After many breaks we reached the summit about 10 minutes before sunrise. Too our surprise there must have been 200 people up there. Since it was so late in the season we were expecting a fraction of that.


The view towards the east was beautiful. And being so high above the clouds after climbing through the night was very rewarding. We stayed up top for about 45 minutes taking pictures, drinking some whiskey and watching the sky light up and the views change. The views of the clouds below were especially cool. They looked liked massive frozen waves. And since we hadn't slept all night our brains were getting pretty silly.

Tommy Lee Jones. He was everywhere. Billboards, vending machines, buses maybe. It reminded me and everyone else about Bill Murray's character in Lost In translation. Where an older actor comes to Japan for a week to make a couple million dollars poising for photos to endorse some whiskey.



We spent the next couple days after Fuji down in Kyoto. First we rested after our long hike and brutal night bus from Tokyo. But we soon got out into the city to take in all it's history, beauty and culture. It seems around every corner was a garden, or craft shop, or park, or temple, or statue, or Geisha, or fake geisha dressed up for tourists.

The thing to do in Kyoto is ride bikes, since it's so flat. We rented bikes for 100yen, which is possibly the greatest deal in Japan. We stared out as a group of three, but Mack got lost after the second temple we visited. he never saw him again until the airport Saturday morning. But he had other Osaka plans with a family friend.

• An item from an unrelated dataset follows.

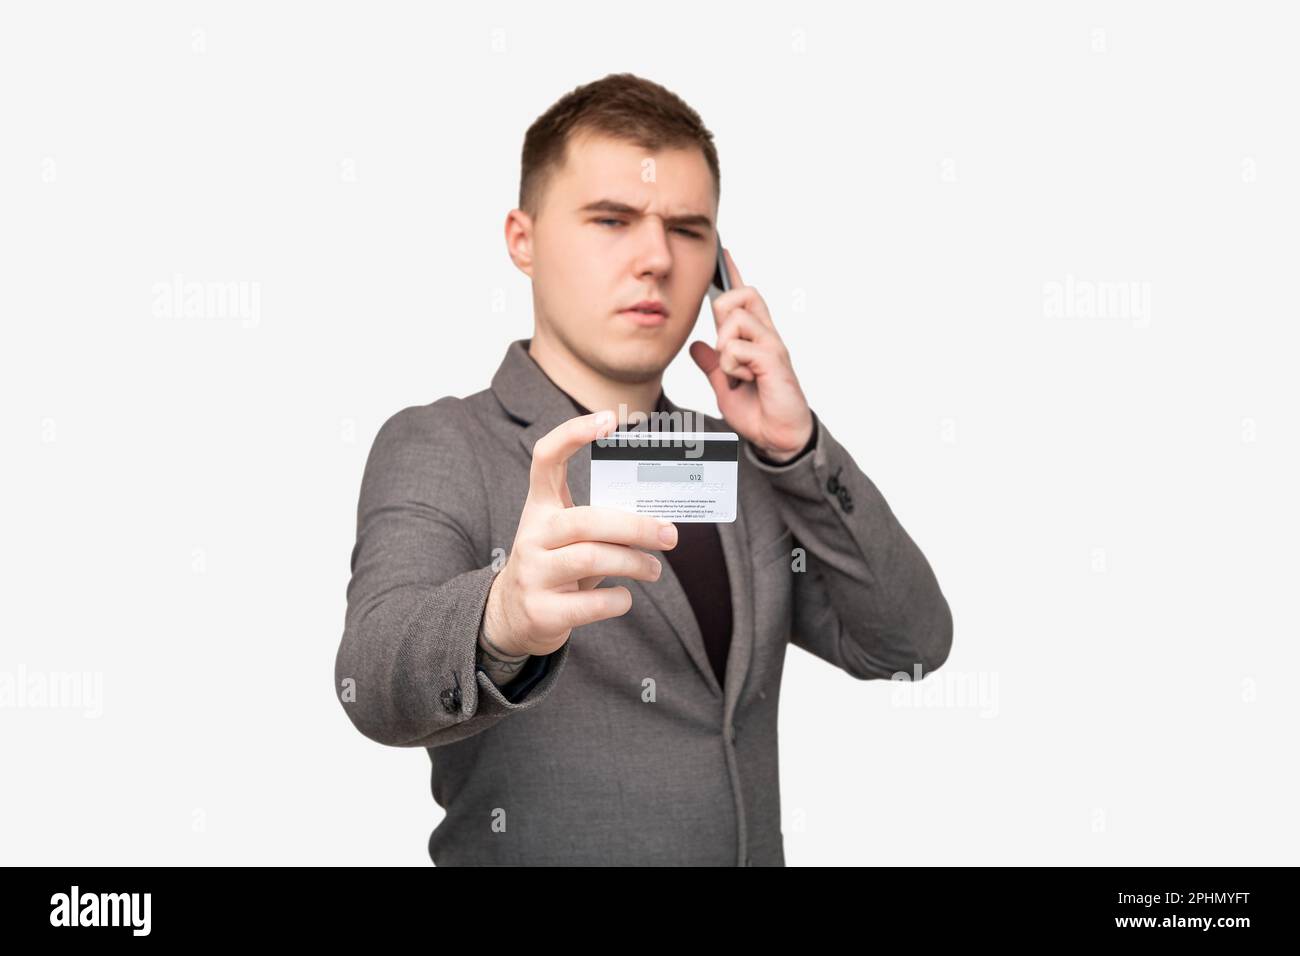 scam telefono chiamata maschio banca cliente dati della carta di credito Foto Stock
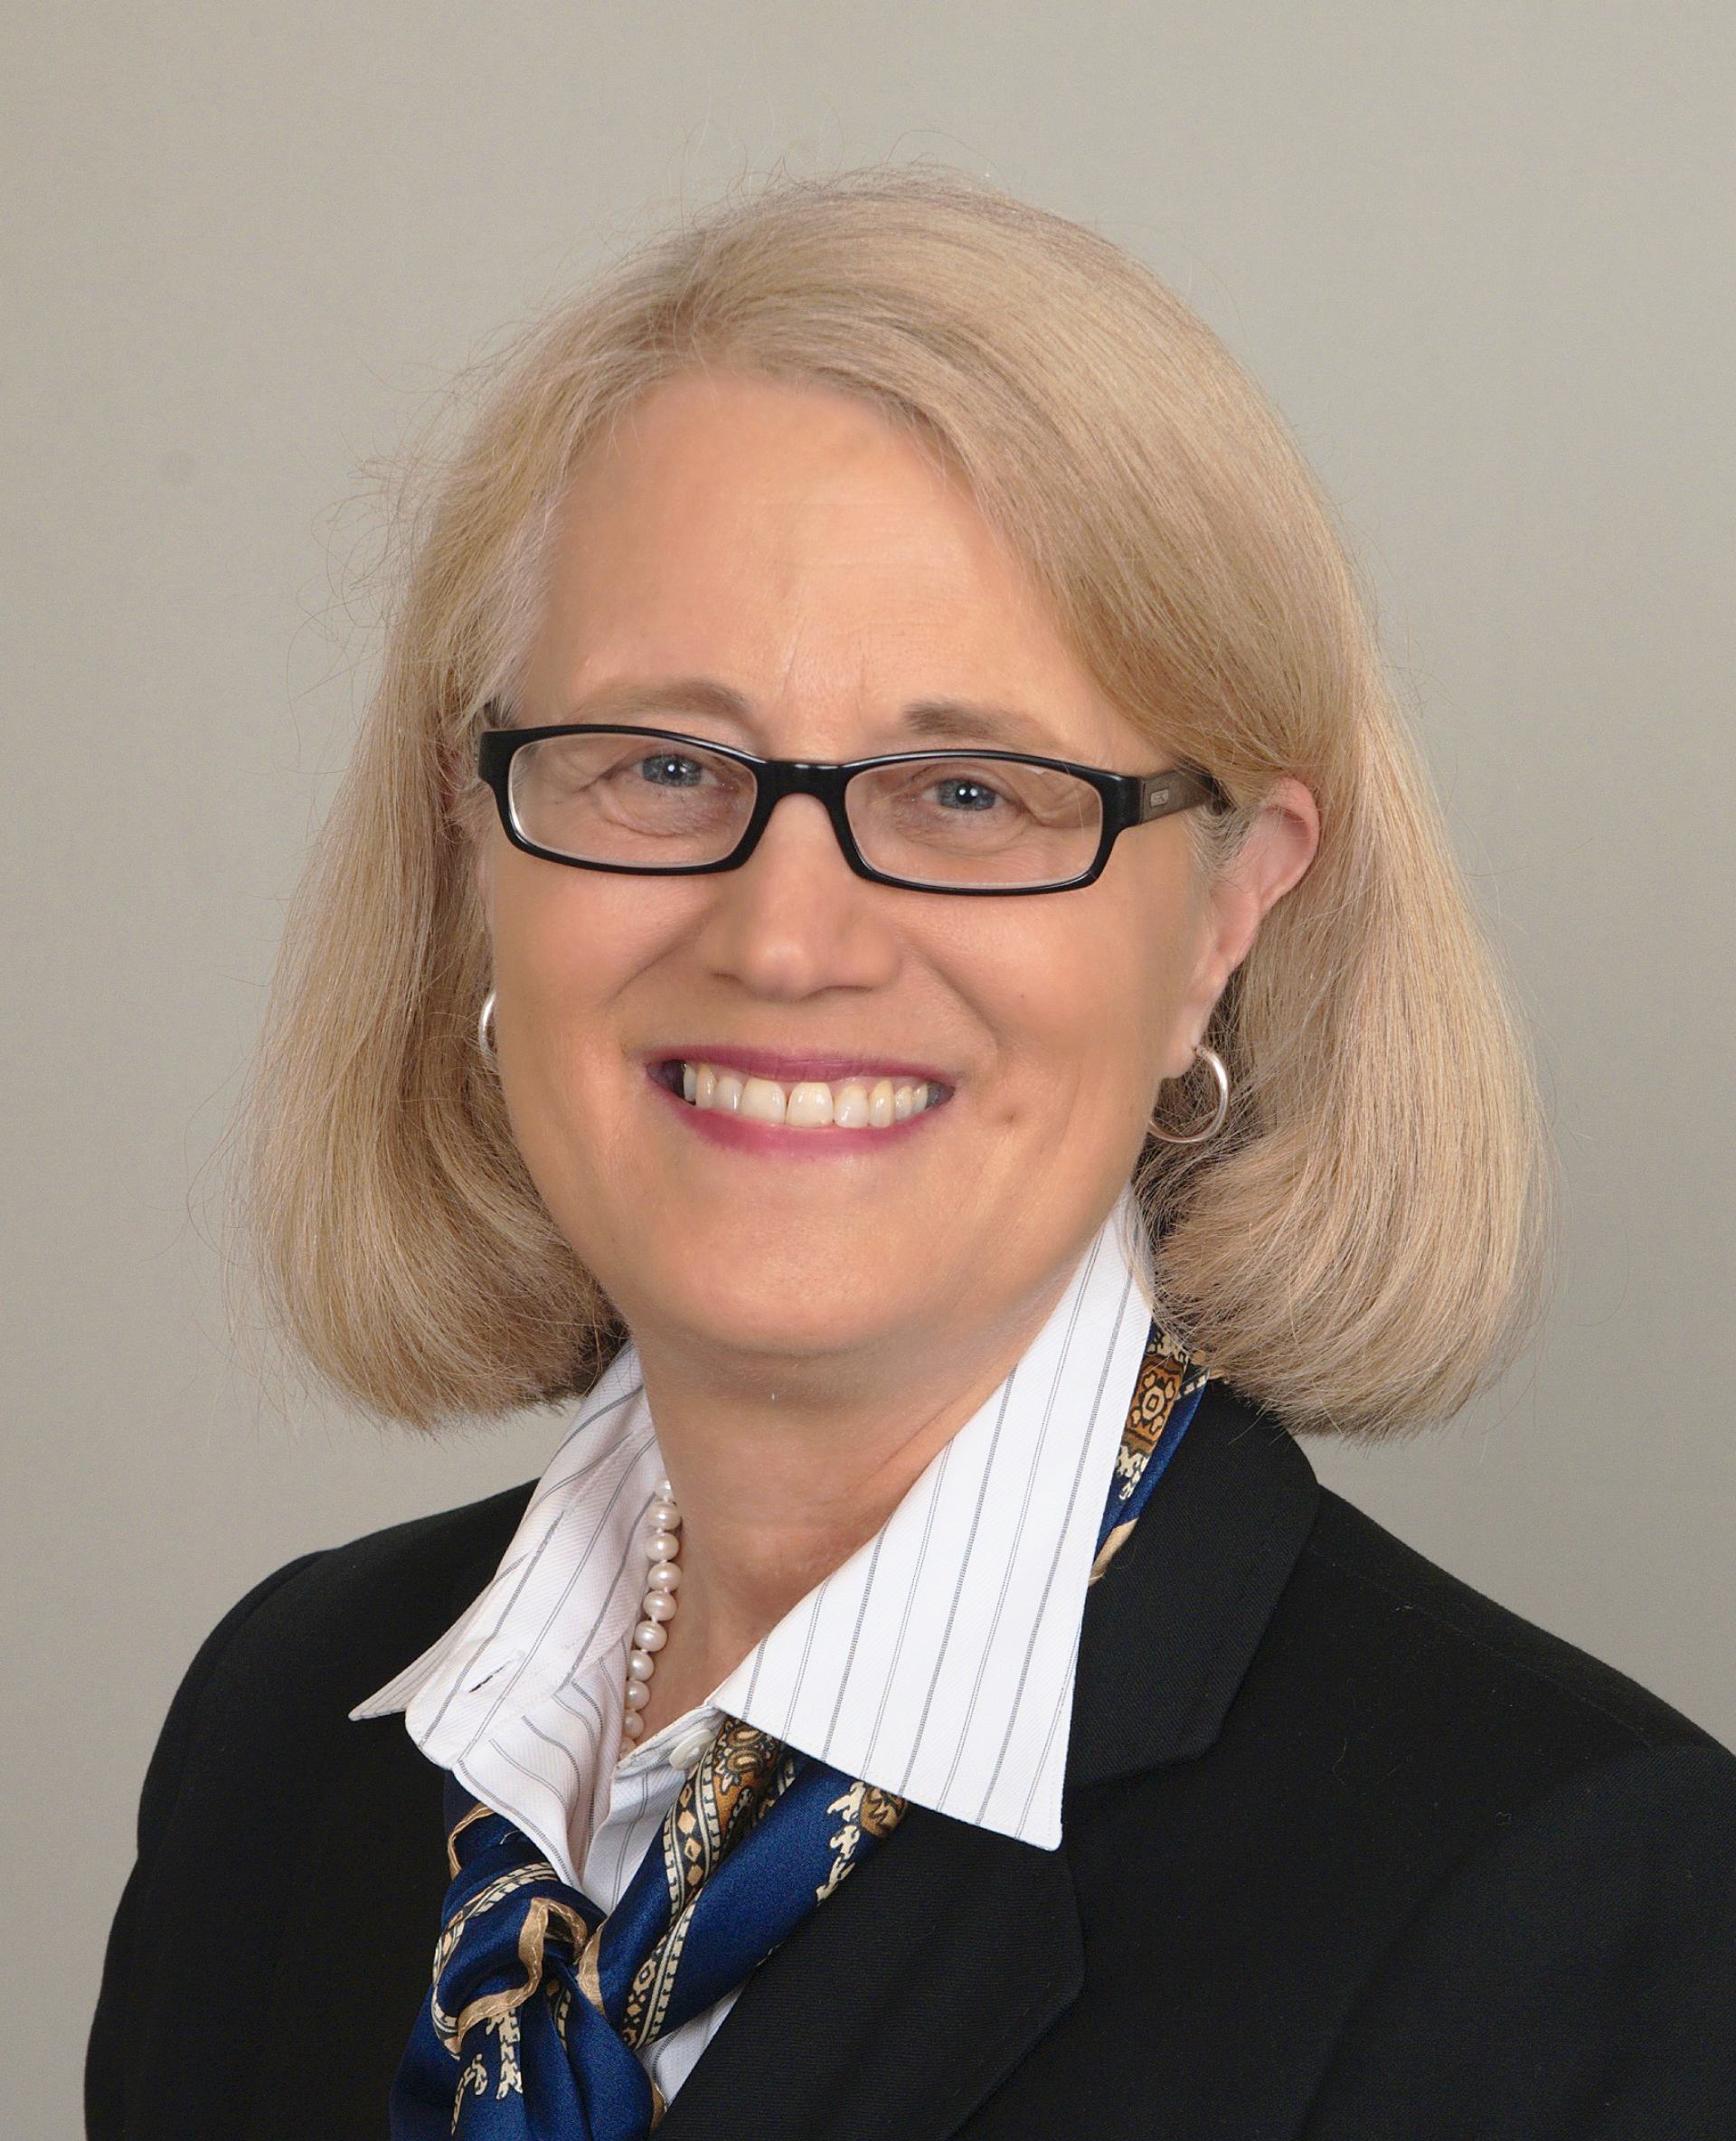  senator Karla Drenner

Since neither Matt nor I were super keen on paying 500yen for each little temple or rock garden we just visited one well known temple (and was underwhelmed, I think from all the packages bus tourists that clogged it up) and spent the rest of the day cruising the free parks and all the cool side streets and neighborhoods. What we decided is that there doesn't seem like a poor person or house in Kyoto and there are plenty of beautiful girls on bikes. Which is something that needs to spread through out the world.












Kyoto and and Osaka our about 40 minutes apart by train, but they seem like worlds apart. Kyoto is filled with temples, craft and art shops and green spaces. While Osaka is full of neon, shopping and concrete. But it's still charming in it's own way. We spent our last day here just walking around, eating some of the local food, like takoyaki, which are doughy balls with bits of octopus inside. And Okomanayaki, which is similar to an egg scramble with a bunch of veggies. For our evening entertainment, we started off with our usual bottle of Santori whiskey from 7-11 and a wander about town, looking for places to consume more alcohol. We found more huge buildings offering 75 rooms to spend 90 minutes "chatting with some ladies." Jake and Matt were cheap so we didn't do it...just kidding, Mom.
We did find some fun little bars, full of very drunk Japanese, but nothing earth shattering. We did notice an abundance of little "reggae" shops were selling little treats that we may have dabbled in, though.




I found where every cool vintage shirt in in America ends up, Osaka. For sale for 30 dollars.